# Thread: Logarithm - please help

1. ## Logarithm - please help

Please shed some light on the following......

If x and y are both positive and log_9 x = log_12 y = log_16 (x + y), find the value of x/y.

Note: log_9 x should read as log base 9 x

Thanks.

2. Originally Posted by madaboutmath
Please shed some light on the following......

If x and y are both positive and log_9 x = log_12 y = log_16 (x + y), find the value of x/y.

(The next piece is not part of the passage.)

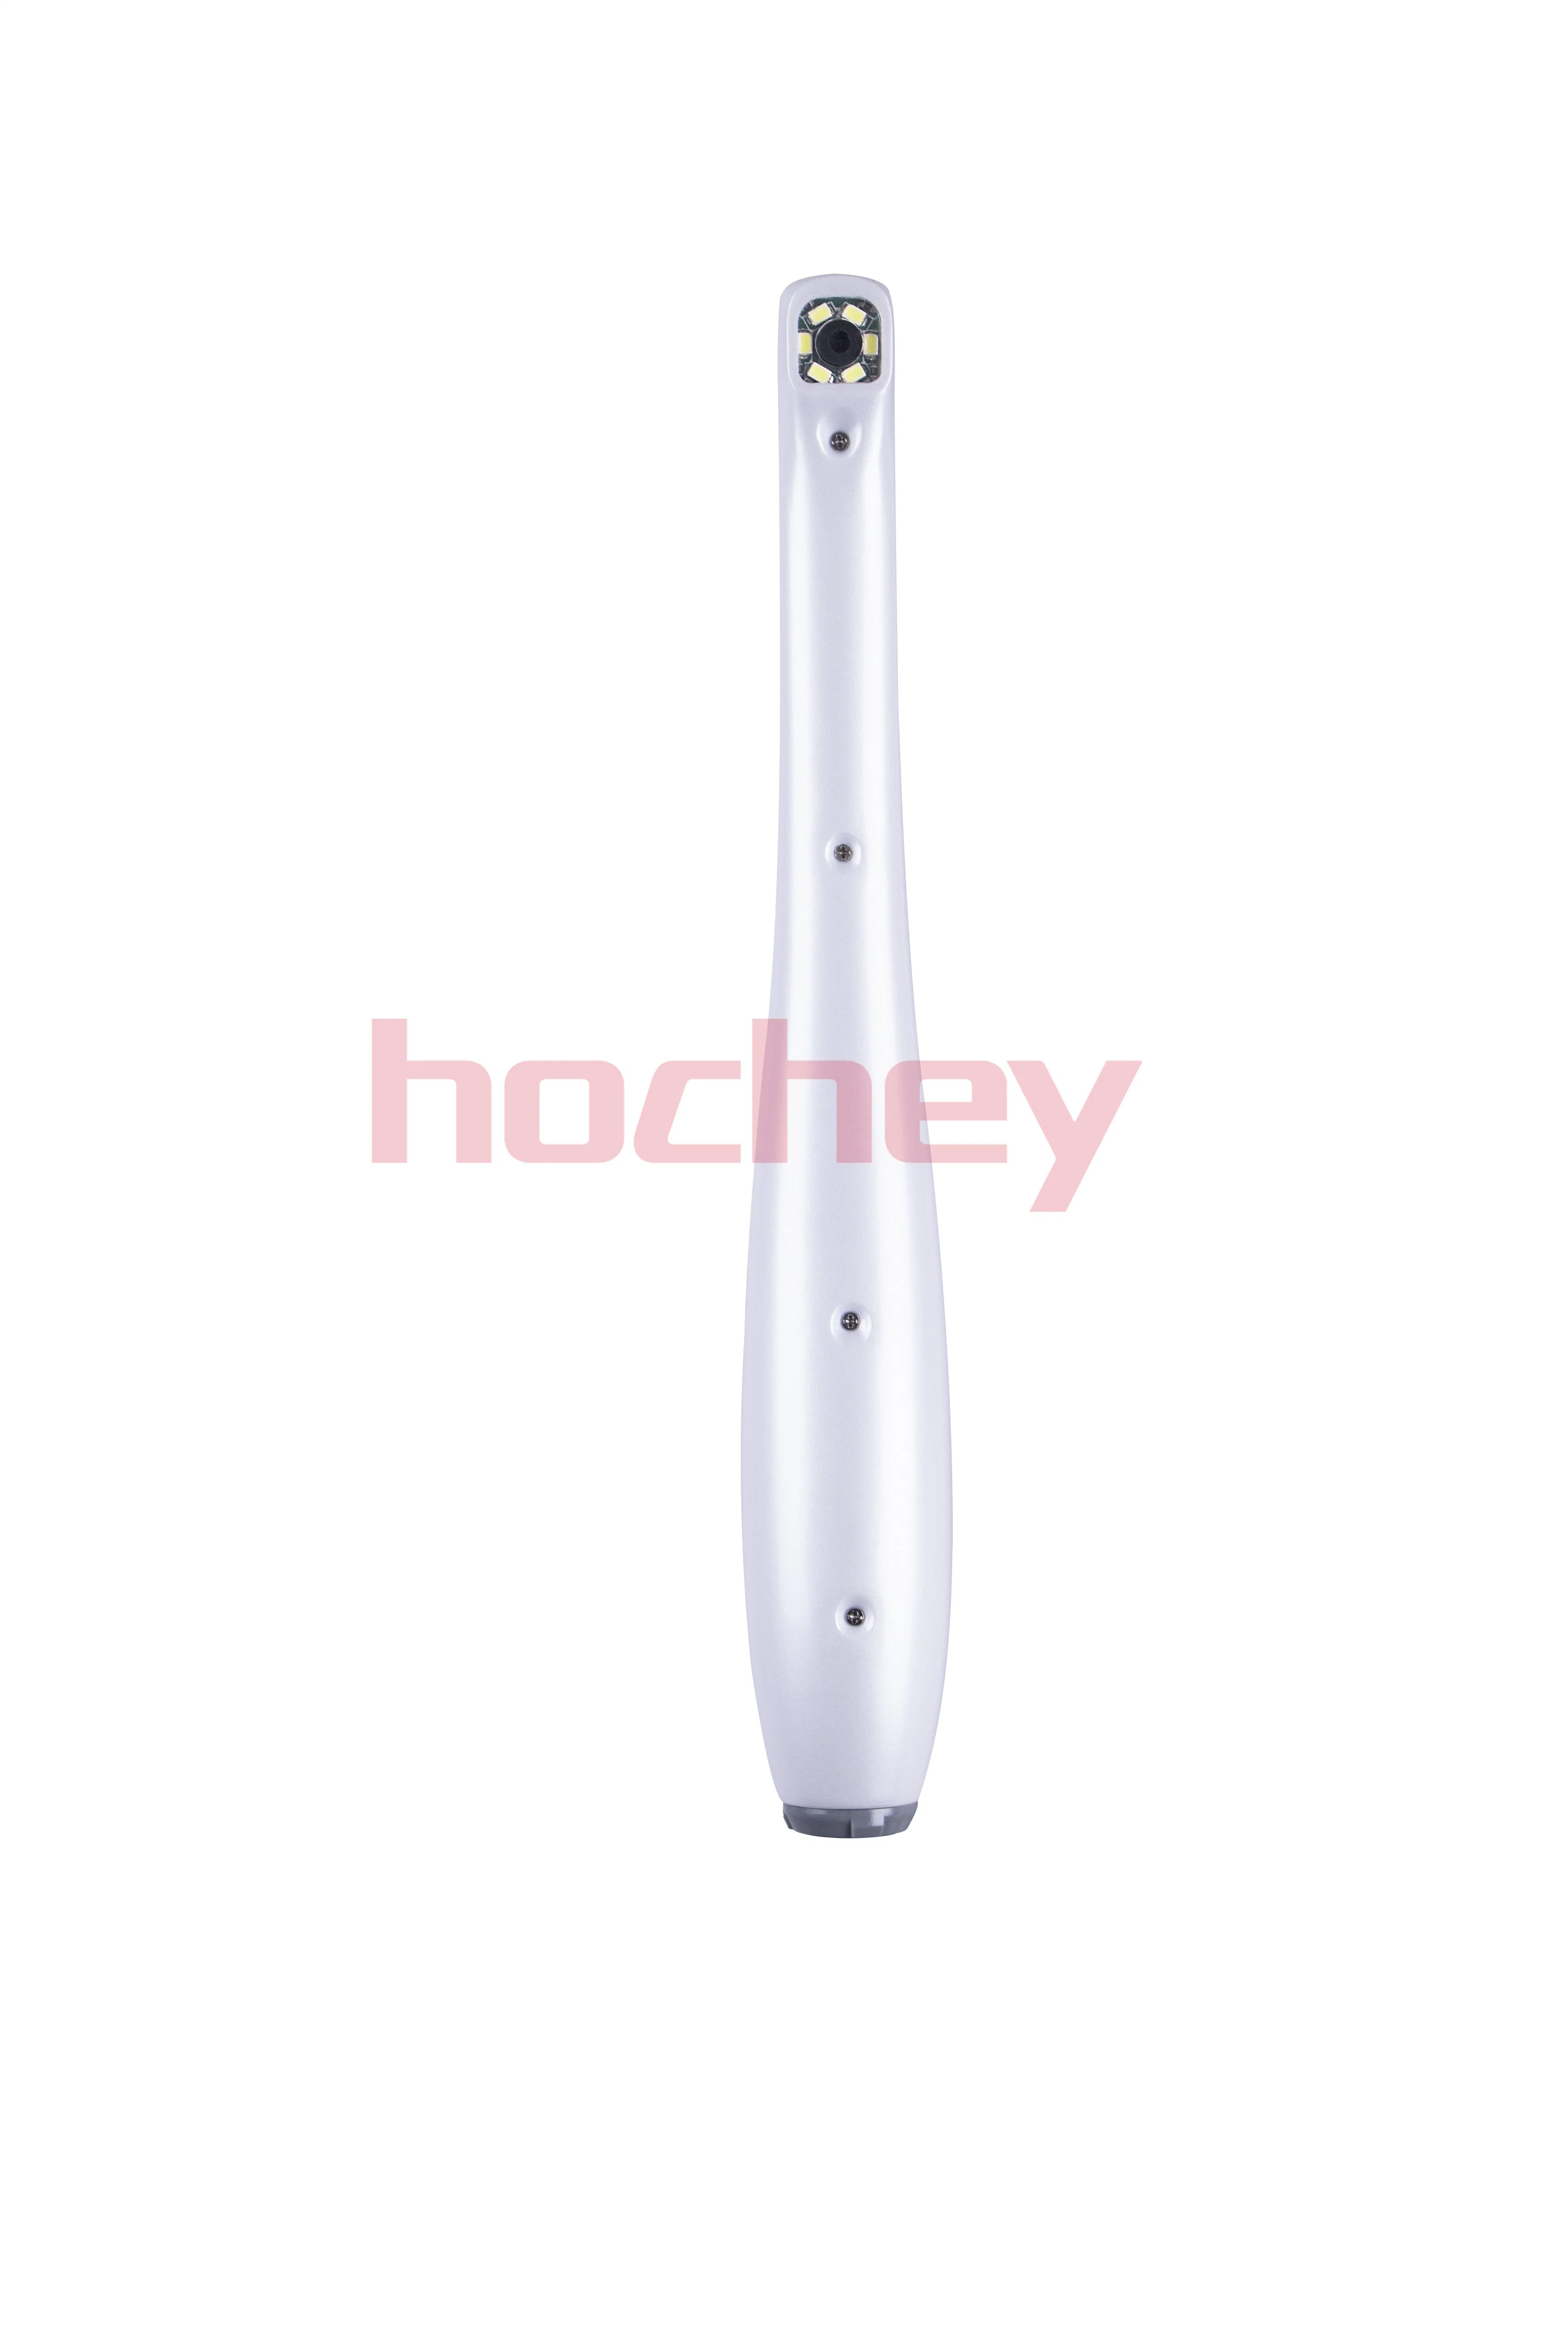 Hochey Medical Resolution 1080P 8PCS LED Lights Dental Endoscope Dental Light with Camera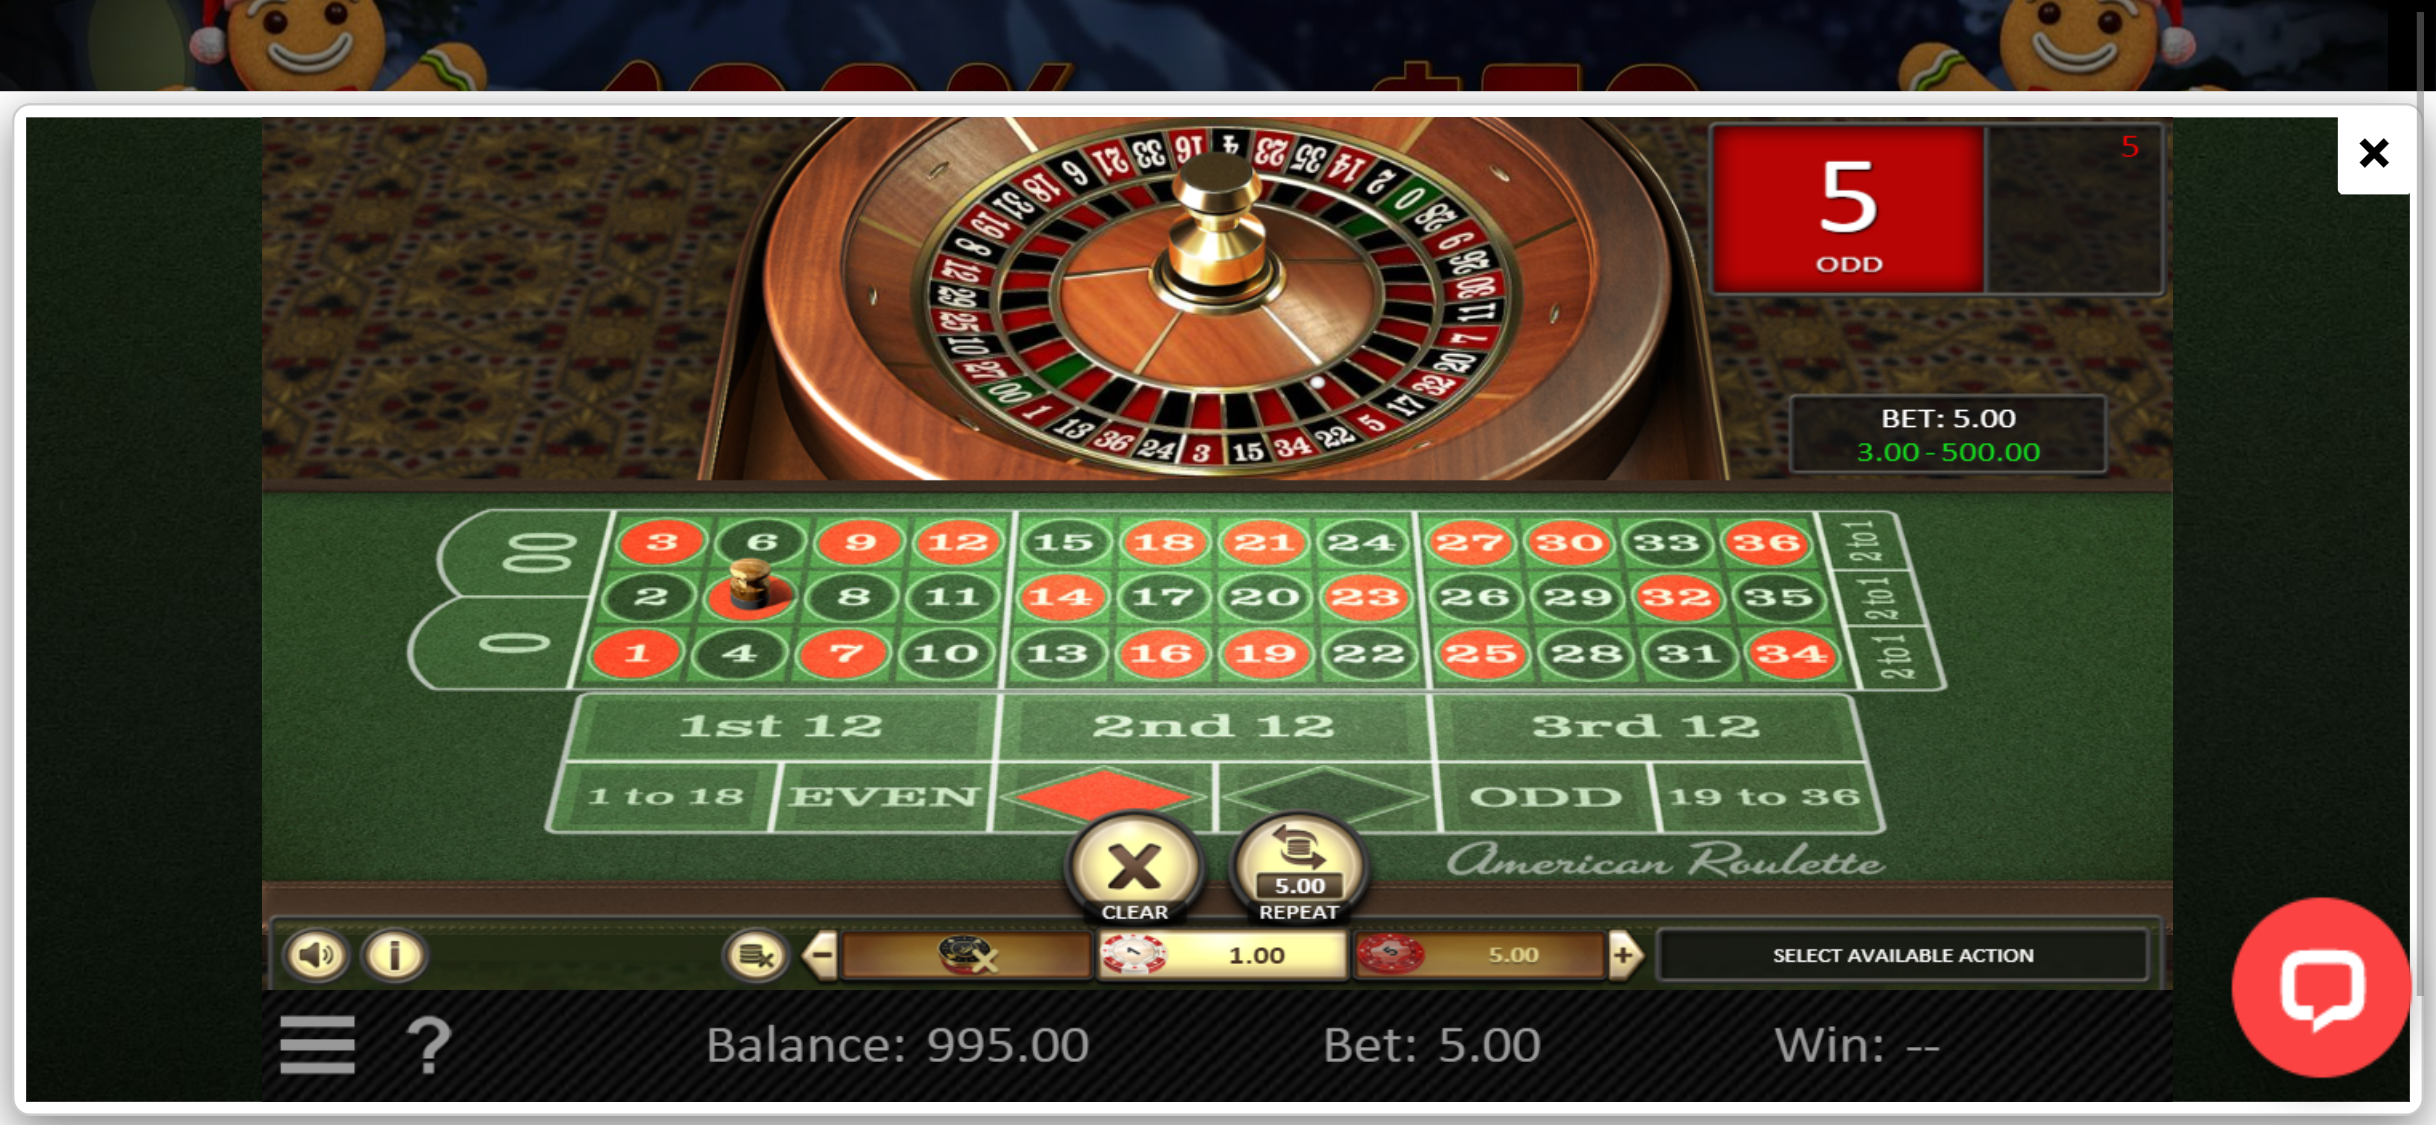 VIP Club Player Casino Mobile Casino Games Review

Note: log_9 x should read as log base 9 x

Thanks.

Put:

$\displaystyle u=\log_9(x)=\log_{12}(y)=\log_{16}(x+y)$

Then:

$\displaystyle 9^u=x,\ 12^u=y,\ 16^u=x+y$

So:

$\displaystyle \frac{x+y}{y}=\left[\frac{16}{12}\right]^u=\left[\frac{4}{3}\right]^u$

and:

$\displaystyle \frac{y}{x}=\left[\frac{12}{9}\right]^u=\left[\frac{4}{3}\right]^u$

Therefore if $\displaystyle z=x/y$, we have:

$\displaystyle z+1=1/z$

which is a quadratic in $\displaystyle z$, one (or more of which's solutions)
should solve the problem.

RonL

RonL

3. ## Logarithm

I really appreciate your prompt help CaptainBlack. The answer is (sqrt5-1)/2.

Thanks.

MAM